As Chief Executive of the company, I feel a deep sense of responsibility for the people we have hurt and I want to reiterate how sorry I am for what we now know to have taken place.

I have believed that the right and responsible action has been to lead us through the heat of the crisis. However, my desire to remain on the bridge has made me a focal point of the debate.

This is now detracting attention from all our honest endeavors to fix the problems of the past.

Therefore I have given Rupert and James Murdoch my resignation. While it has been a subject of discussion, this time my resignation has been accepted.

Rupert’s wisdom, kindness and incisive advice has guided me throughout my career and James is an inspirational leader who has shown me great loyalty and friendship.

She adds:

I now need to concentrate on correcting the distortions and rebutting the allegations about my record as a journalist, an editor and an executive.

On July 19 she’ll have an opportunity to do just that, at a hearing of the House of Commons Culture, Media and Sport Committee, which plans to grill Brooks about allegations of criminal practice at the Sunday tabloid that she edited from 2000-2003. She will be joined at the committee by her estwhile bosses. Rupert Murdoch originally declined his invitation and James Murdoch proposed an alternative date for the hearing, but their defiance melted. In his sole interview since the crisis broke, with the News Corp.-owned Wall Street Journal, Murdoch senior said that he intended to address “some of the things that have been said in Parliament, some of which are total lies.
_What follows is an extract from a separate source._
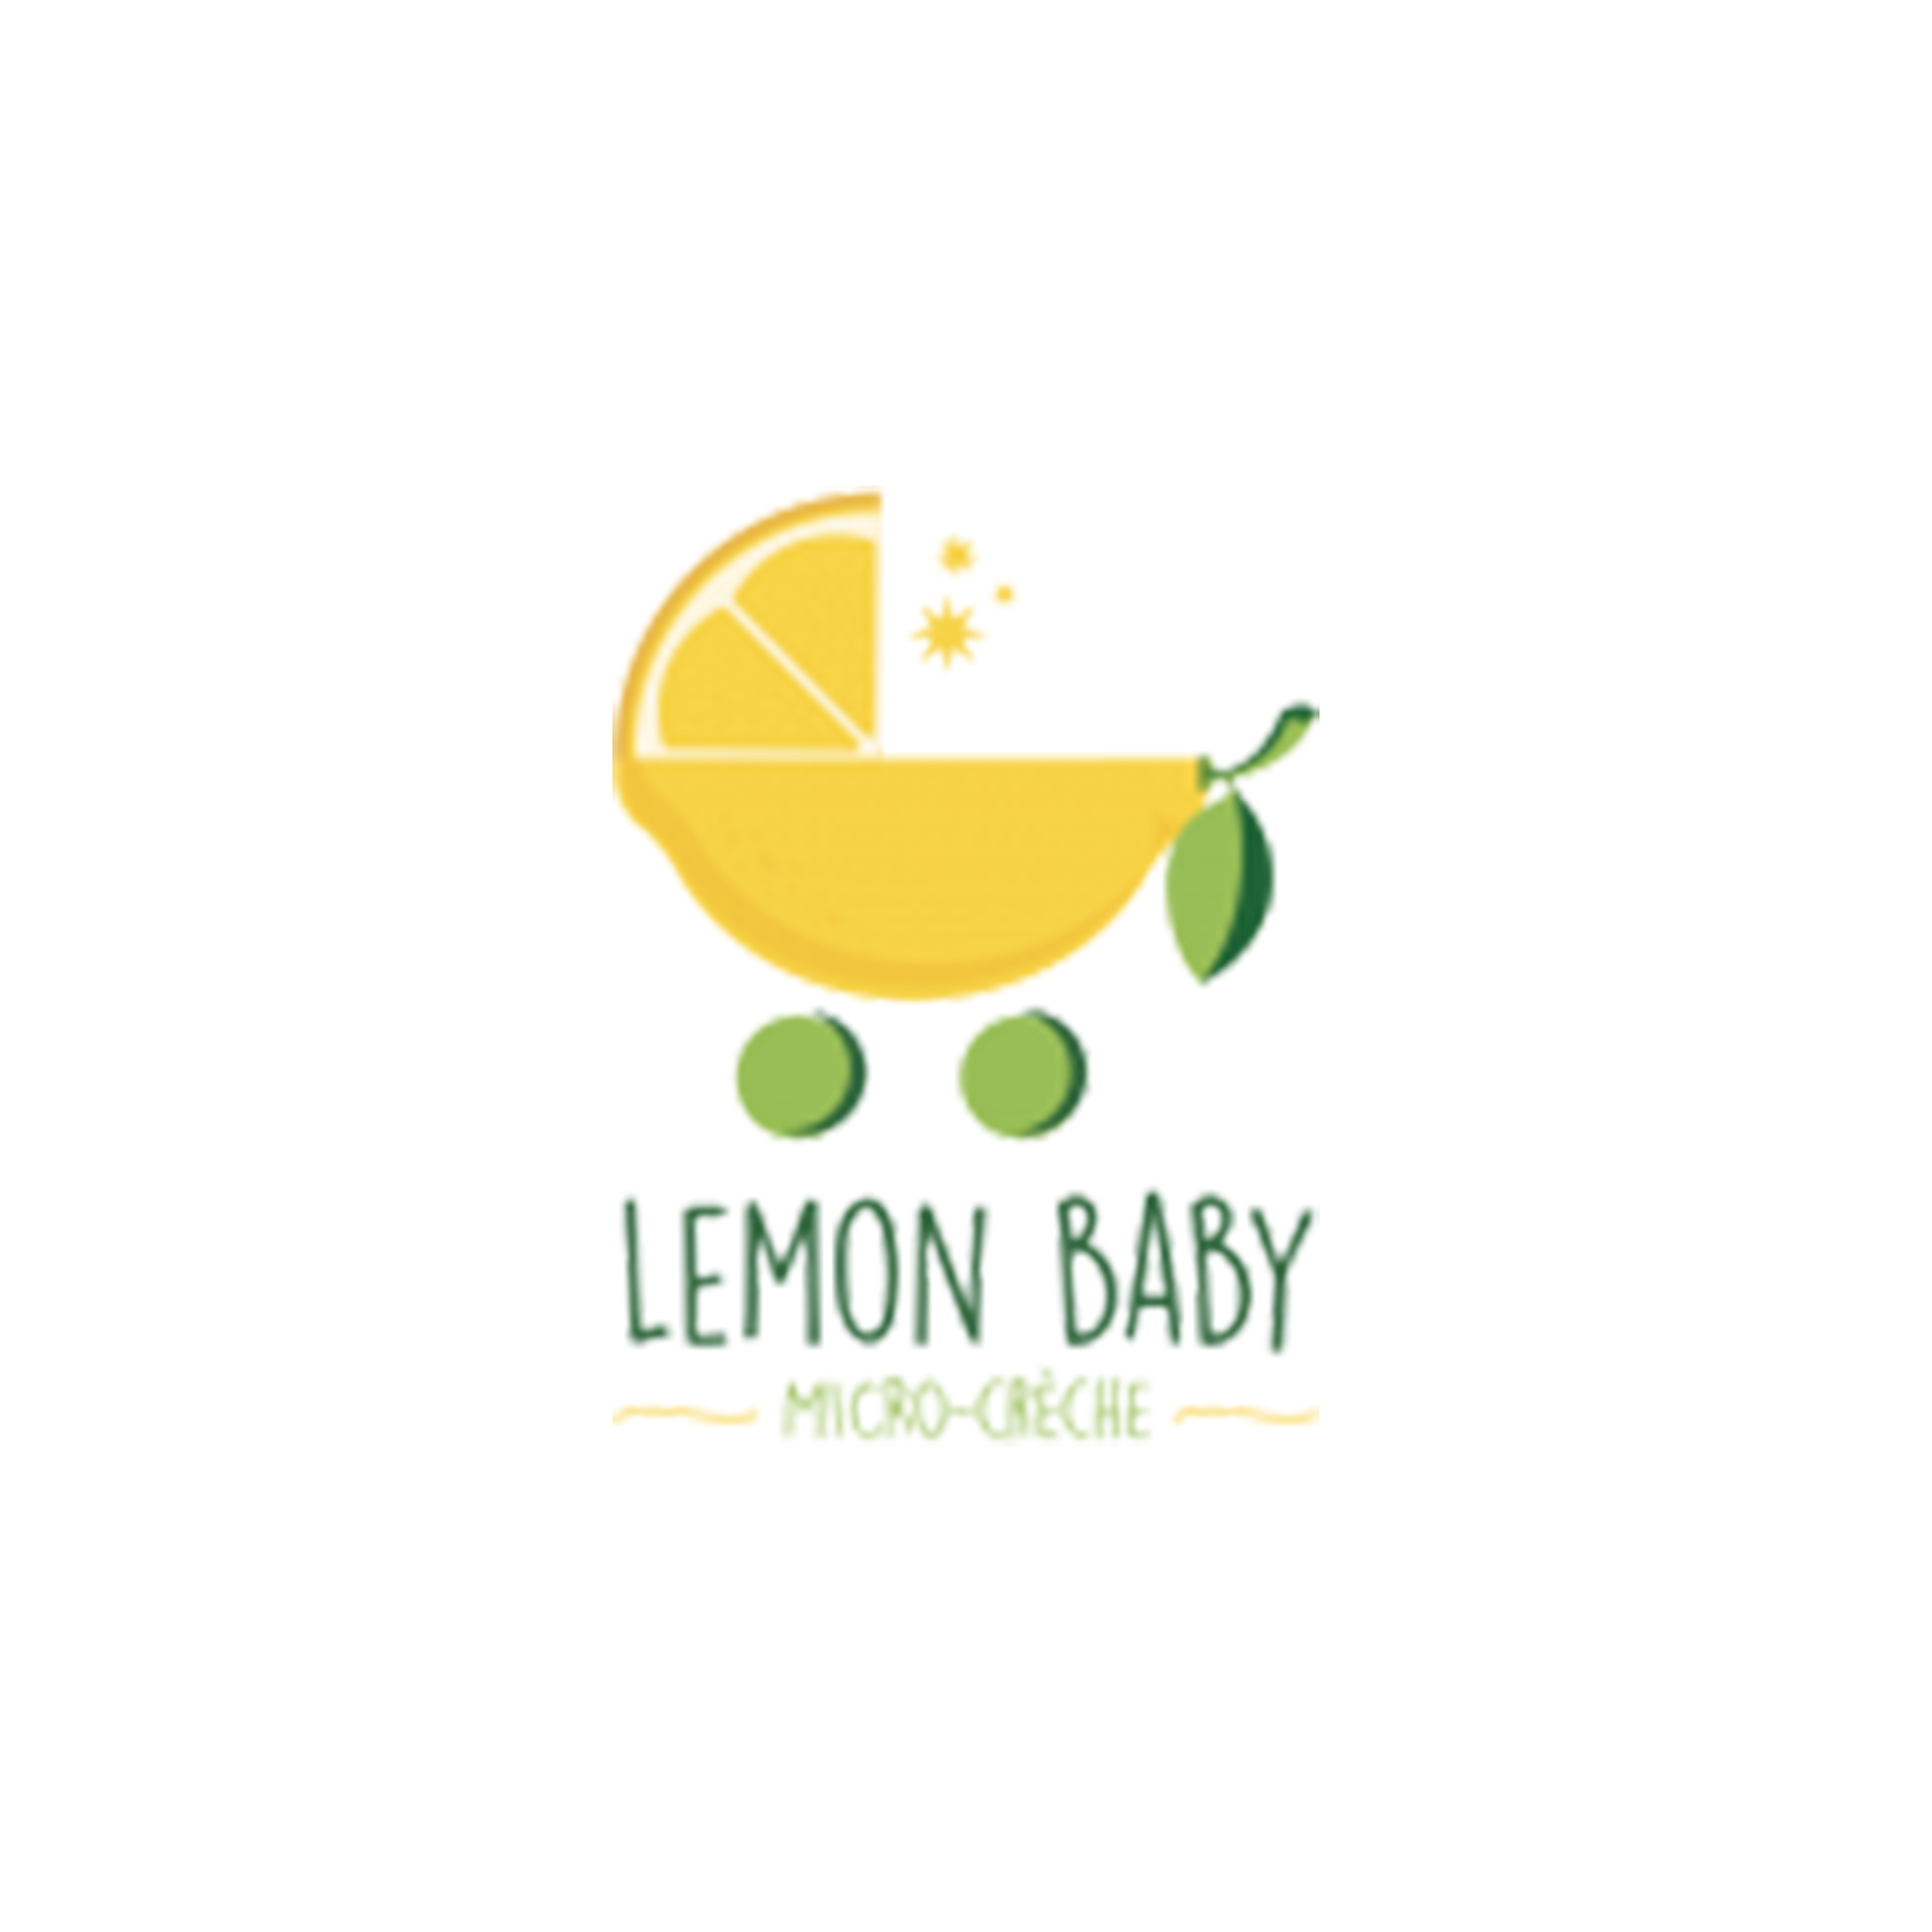 https://lemon-baby.fr/

We think it’s important to absolutely establish our integrity in the eyes of the public.”

With the parliamentary committee, two separate Scotland Yard investigations, a judicial inquiry and the F.B.I. all raking over the events leading up to the extraordinary crisis now engulfing News Corp. and shaking the British government, police and media, it would be tempting to assume that the truth, whoever’s truth it proves to be, will out. But #hackgate, to call it by its most common Twitter tag, has the hallmarks of one of those thrillers in which the more you know, the less you understand. The arrest on July 15 of the News of the World‘s former deputy editor Neil Wallis was quickly followed by the revelation that Wallis had acted as a communications consultant to top Scotland Yard cop John Yates at the time he made the decision not to reopen the 2006 investigation into hacking by the News of the World. Wallis also had a contract to advise police commissioner Sir Paul Stephenson. The F.B.I.’s concern over the behavior of one British tabloid appears to have been triggered by a single, flimsy report of a conversation between an anonymous former New York police officer and an unnamed source that appeared in another British tabloid.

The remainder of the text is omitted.